Being an X-IBM guy, the technology of self-publishing was straightforward, so within a short while I had the manuscript formatted, the cover designed and everything uploaded to Amazon. I ordered 20 paperback copies and sat back to wait. Holding The Hollow Man in my hands was one of the five or six most incredible events in my like.

As the writing industry changes more and more to an online presence, it has inevitably pushed most of the work back down to us as writers. I wasn’t prepared for this change in models and how it affected our perceptions of the industry. Having this in mind, here’s my experience with traditional publishing.

In 2014, I won The World’s Best Story contest, where the top prize was an agent and a publishing contract.

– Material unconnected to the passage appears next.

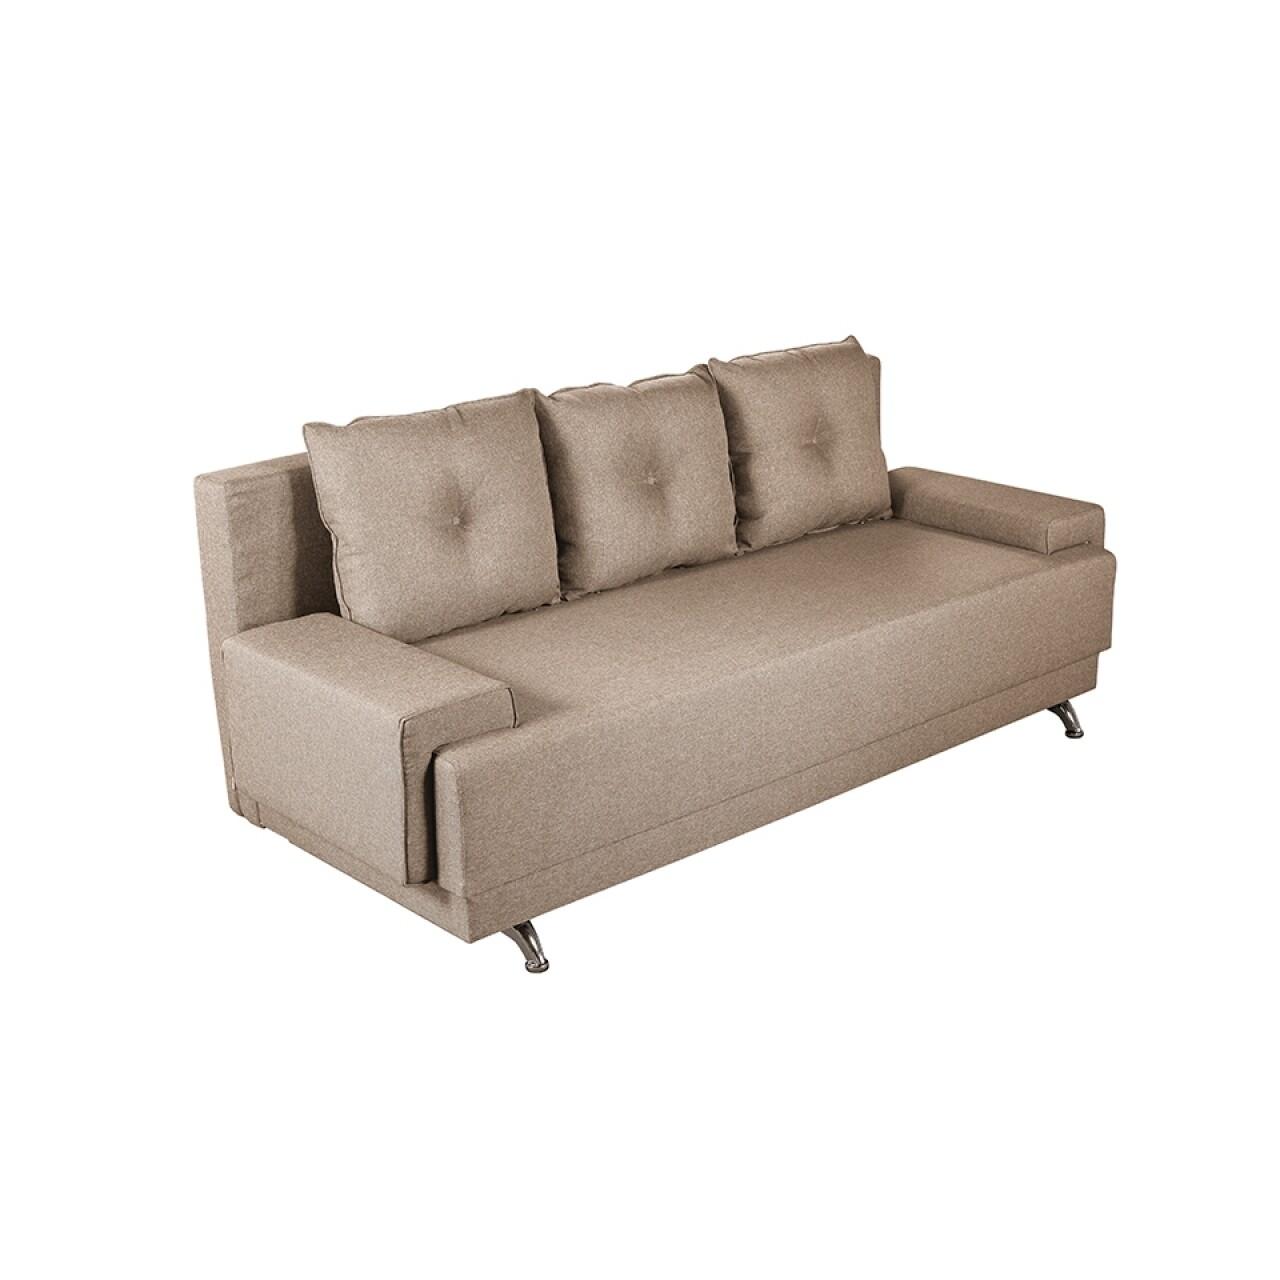 Canapea extensibila Roma Lux Beige 205x90x86 cm + ladă de depozitare, bej

My belief, of course, was that a writer can have the most well-written, creative, exciting, and interesting book ever written, but if agents don’t represent it and publishers don’t print it, then a wide-range of readers cannot buy and read it. I had always imagined that agents and publishers were supposed to embrace the book selling marketplace so writers could get back to their business and write. So, any self-respecting writer needed a reputable agent and publisher, right? Well, if you thought agents and publishers do all of this for you these days, you would be wrong unless your name is Patterson, Baldacci, Child or Connelly (in my genre).

As part of the process with the professional agent and publisher that I “won”, they created a fresh cover for The Hollow Man (this turned out to be a plagiarized drawing, which neither the agent nor the publisher would help defend or redesign when I was threatened with a lawsuit from the original image owner), the pitch of the print was reduced to 9 points, making the book half its original size and difficult to read, and the retail price doubled. In the first 6 months, there was no mention of promoting, marketing or media distribution. Finally, came zero sales. I took the book back from both agent and publisher because of my perceived lack of action. I didn’t realize that was all they were obligated to do for the average author, blaming it on the growing online presence.

We all need a new publishing hero; a new white knight or Lady Godiva, depending on your preference, riding into town to save us from our publishing demons. What are your thoughts?